Frequently there is a limit to the total number of people who can be helpful on an initiative, but think about “over-resource” in the broad sense: You can clear people’s plates, so they can focus solely on these efforts; or over-resource central supporting teams so folks on the initiative will always have a dedicated person on a shared team ready to help out as needed.

On the defense side, you’re trying to invest just enough to stay ahead of the risk, but no further. Resourcing should likely follow one of two patterns:

  1. For “on-going” investments, such as core experience improvements, where the specific diminishing returns point is unclear, if you have no specific parameters to guide you, consider constraining to 20% to 25% of your overall investments as a generic heuristic.

  2. For investments where the “what is needed by when” component is clear (scaling etc), resource as needed but use the “work-backward” method outlined above to decide when to resource.

Step 3: Communicate

Another important part of execution is communicating these approaches and priorities to your teams. There’s power in helping your teams to understand what kind of project, offense vs defense, they are working on and how they should approach it — as long as you’re careful to keep them motivated and excited.

Remind your teams that defense is just as important, if not more important than offense, it’s just a different type of work that they need to approach differently.

Defense work is inherently not about over-achieving — so it may take some coaching to help your team change their mindsets.

In my experience, product professionals tend to think like overachievers: More is always more, and faster is always better. That mindset works for offensive work.
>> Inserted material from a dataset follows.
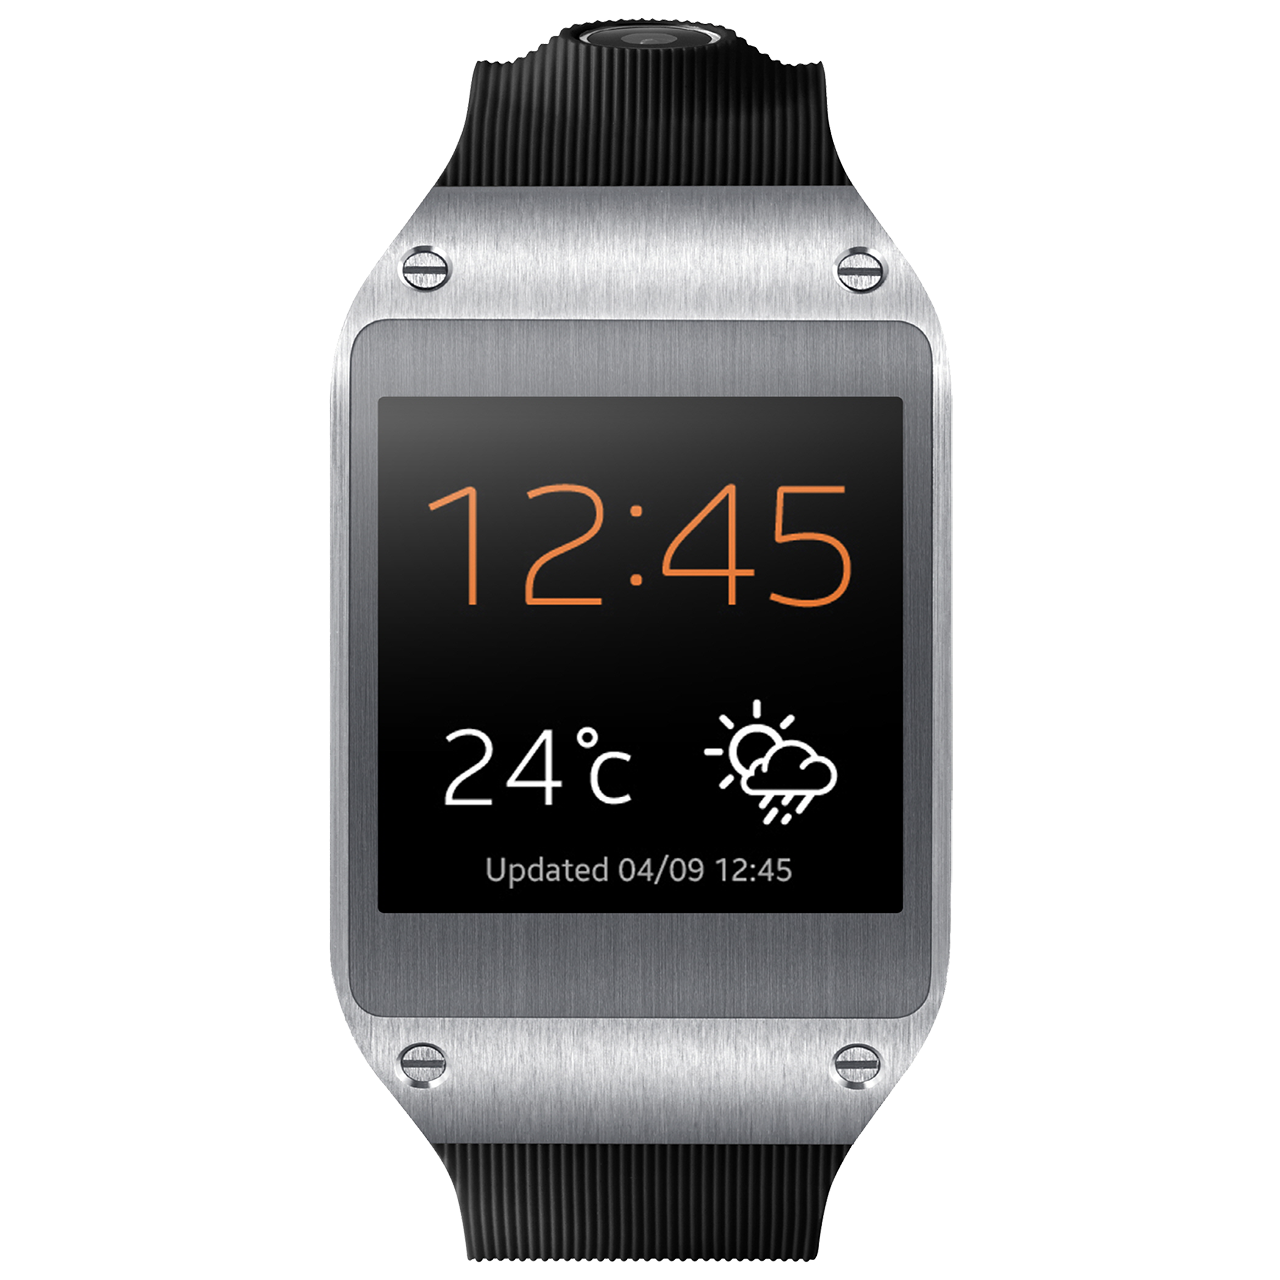 Wrist Band Smart Watch PNG Image

But teams doing defensive work may need help shifting their mentality to an optimization mindset: “Bigger” and “faster” isn’t the goal; defense wants to invest the minimum amount possible, as late as possible, to get to the finish line just in time. 

In that way, teams doing defensive work have an important role: They’re poised to acutely optimize day-to-day tactical decisions to maximize outcomes for the organization overall, not just their team. One thing you can do to set defense teams up for success is make it clear that they're in this crow's nest position and should keep their eye out for threats, while also making sure they know where the point of diminishing returns is. Give them the tooling and permission to say "we're at the point of diminishing returns on this."

Step 4: Reassess

Evaluating which initiatives are offense and which are defense (or the third important category of: “we probably shouldn’t do this right now”) is something you’ll want to keep doing on an on-going basis — as things can and will change.

You’ll likely want to be checking in on your priorities at least quarterly at minimum. 

On defense, in particular, it’s important to periodically evaluate if the point of diminishing returns you identified has moved — in either direction — so you can continue to tune your efforts. 

Here’s What Happens When You Do This Well

Many organizations spend a large amount of effort and focus on things that aren’t key to growing the business and moving things forward.

When you’re able to identify your offensive and defensive initiatives — as well as stop investing in initiatives that are neither — your ability to make more progress more quickly, drive meaningful business outcomes, and your chances of success go up dramatically.